Harper On Executive Power.

Stephen Harper had a wonderful laid back speech and Q and A in New York this week at the Council on Foreign Relations. Another ruling class group in America, who some claim really runs the world.

The question and the answer it elicits reveals Harper as using his position as PM , equating it with American Presidential executive power , to change Canada's fifty years of 'Liberal' foreign policy. While being a minority government! The media focused on the first paragraph of what he said here, the second is far more revealing.

QUESTIONER: Unfortunately, not my question. My name is Kate Kroeger. I'm with the American Jewish World Service. And my question for you, Prime Minister, is a broad one. Do you think that in Canada you're entering the era of minority government? And if so, what do you think the implications are for Canada projecting and executing a coherent foreign policy?

HARPER: Well, Canada now has had two minority governments in a row. If the various conservative parties had been united over the past 14 years, which they weren't until recently, we would have had minority government over that entire period as well. So I think with the current political alignment -- I'm probably not supposed to say this, my election strategist won't like it -- but with the current political alignment, I think the possibility of minority government at any election, including one in the near future, would loom very high.

Does it affect Canada's foreign policy? You know, in terms of the day-to-day setting of priorities and taking of positions on the world stage, not very directly, because quite frankly, this is largely under executive authority. I may be criticized in Parliament for it, but in most cases, if I can make my case to the Canadian people, I can pursue, you know, an aggressive or well-defined foreign policy.
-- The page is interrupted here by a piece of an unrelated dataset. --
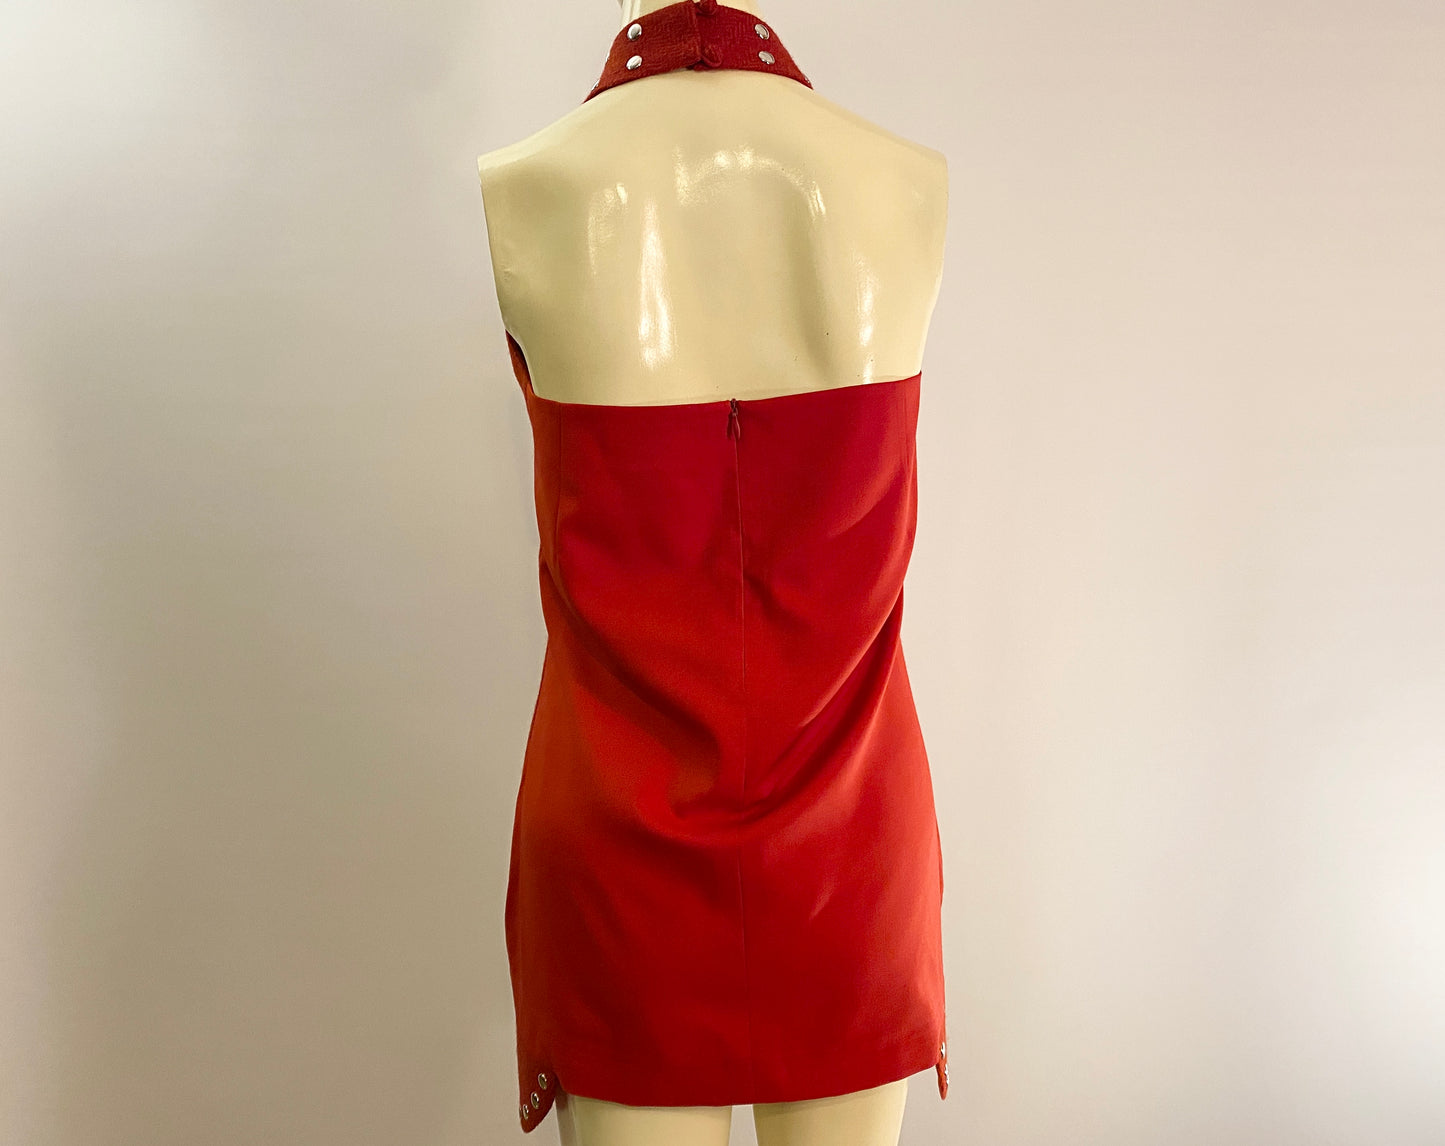 Impatiens Halter Top Dress Red/Org Herringbone Harris Tweed

And I don't think our government, on anything from the Middle East to -- you know, to Afghanistan to climate change, has had any hesitation in taking well-defined stands and stands that are sometimes highly criticized in Parliament itself.

The opposition parties represent the majority of Canadians while Harpers government represents the minority.

Ironically he goes on to say this.

One of the problems in pre-democratic or non-democratic societies is that the political culture of leaders of all factions is aimed at total and complete domination forever. And you don't just -- you know, you don't just win an election; you then figure out how you're going to wipe out your opposition for good, you know, through any means necessary. And I'm concerned about this. I'm concerned that as Western nations, we don't fully understand this.

And you know, I think we often rush into certain types of democratic processes in non-democratic societies where the outcome will not be a free and democratic society. The outcome will be the majority outvoting the minority or some group, you know, and I've -- if I can speak bluntly, thinking of Hamas and Hezbollah, who see the vote as only one of a number of tools to pursue their political objective, not as a commitment to the democratic process inherently.

A criticism which could equally apply to Harper and his pals. Kettle, pot, black.